Wallace further makes the point that for true compassion true attentiveness is necessary. But we live in a culture and society that values distractions, that wants to keep us distracted by creating false needs and fantasy images. At the very end of his address Wallace puts it very succinctly and very cogently: “The really important kind of freedom involves attention and awareness and discipline, and being able truly to care about other people and to sacrifice for them over and over in myriad petty, unsexy ways every day.”
He makes one other point that may make some people very uneasy and be easily misunderstood by many others. He says simply: Create your own meaning. What does he intend by this statement? He is referring not to simple everyday meanings but to the “Big Picture” of our life. In a sense we have a choice, like in the Life of Pi, what story will we accept and live by. But he takes an especially sharp turn with these words: “You get to consciously decide what has meaning and what doesn’t. You get to decide what to worship.”
“In the day-to-day trenches of adult life, there is actually no such thing as atheism. There is no such thing as not worshipping. Everybody worships. The only choice we get is what to worship. And the compelling reason for maybe choosing some sort of god or spiritual-type thing to worship — be it JC or Allah, be it YHWH or the Wiccan Mother Goddess, or the Four Noble Truths, or some inviolable set of ethical principles — is that pretty much anything else you worship will eat you alive.

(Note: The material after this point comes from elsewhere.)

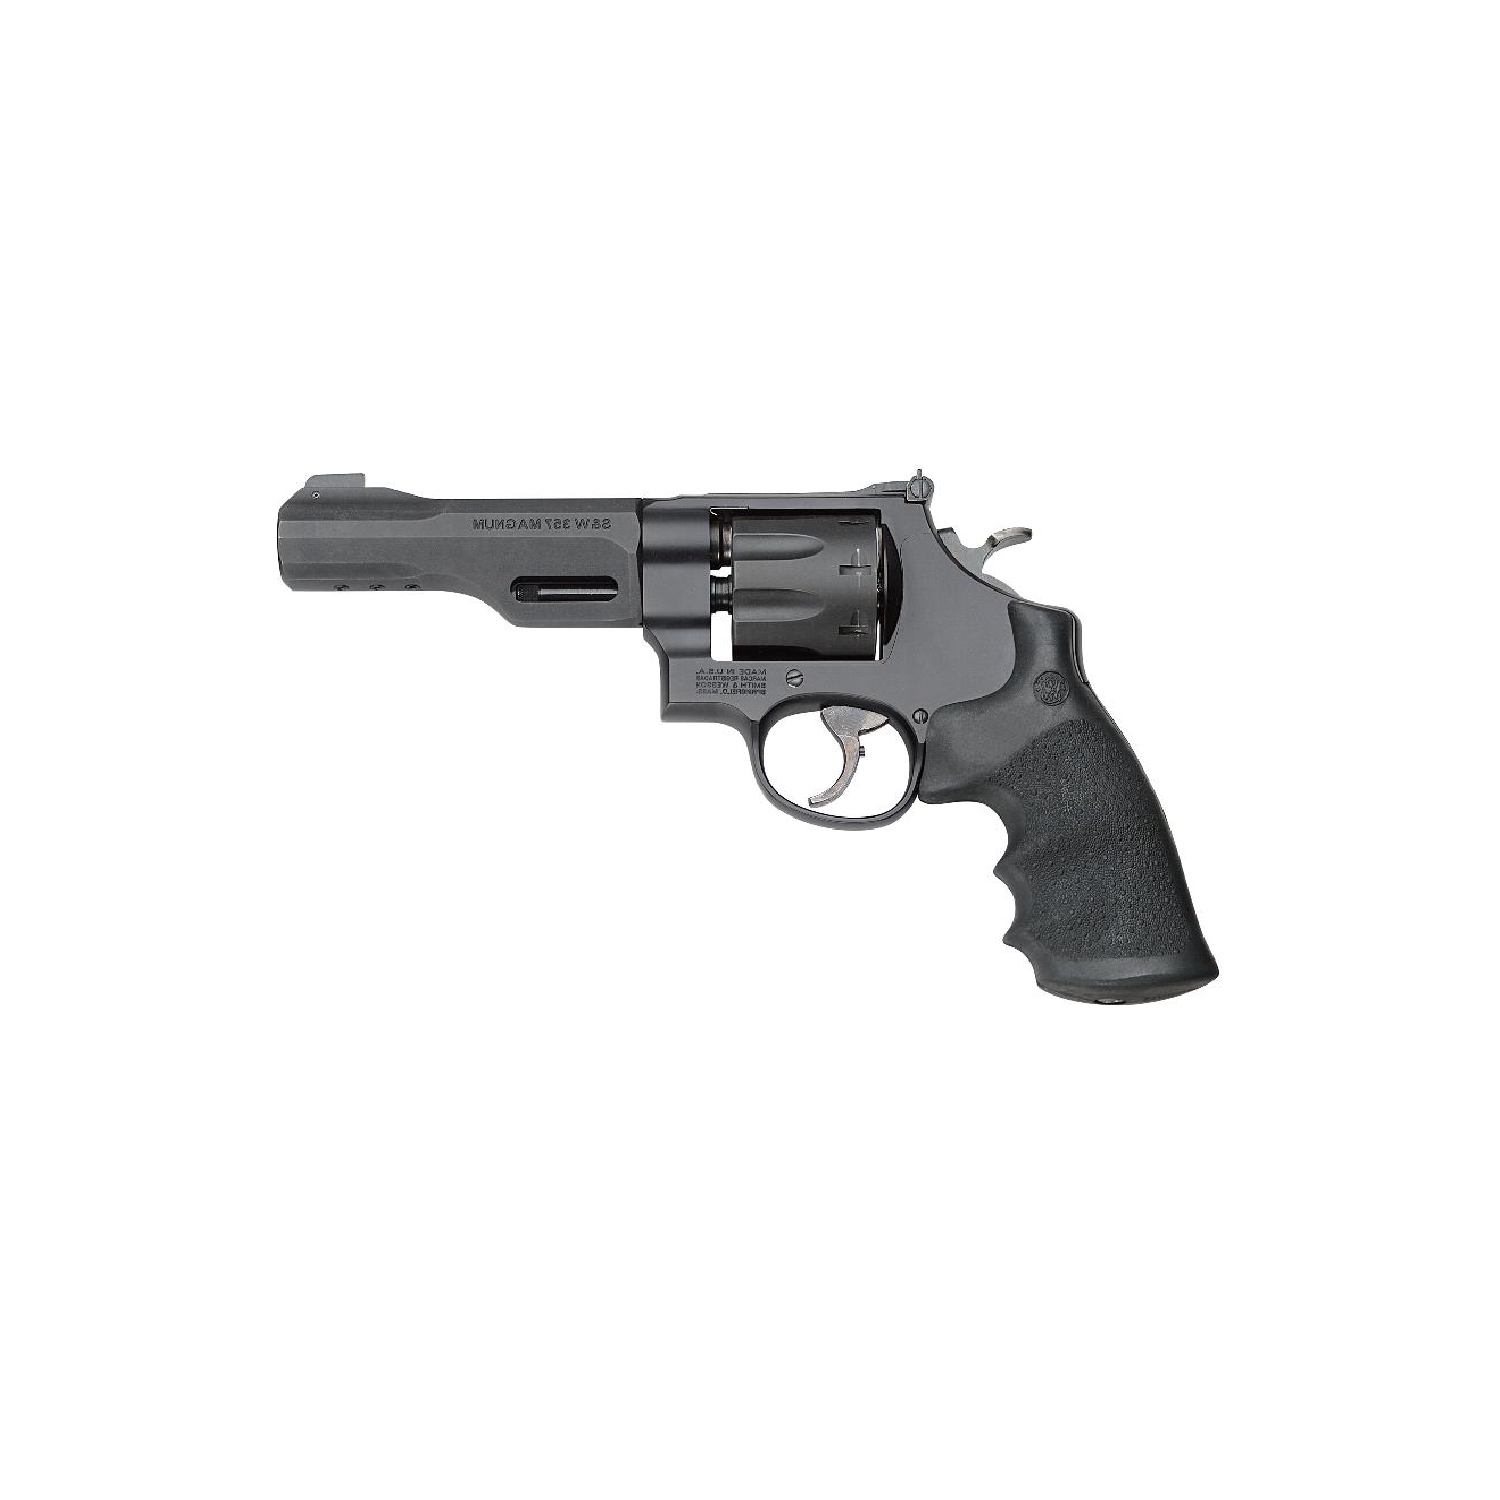 Smith & Wesson Mod. 327 TRR8, .357 Magnum

If you worship money and things, if they are where you tap real meaning in life, then you will never have enough, never feel you have enough. It’s the truth. Worship your body and beauty and sexual allure and you will always feel ugly. And when time and age start showing, you will die a million deaths before they finally grieve you.”
Indeed! Good advice and not only to young graduates from a beautiful person. Sad that David Foster Wallace was later overrun by mental illness and is no longer with us. His luminous words stand out and still speak to us and his presence is with us wherever any small act of love takes place, unnoticed and unrewarded, but marking again and again that the darkness cannot overcome the Light.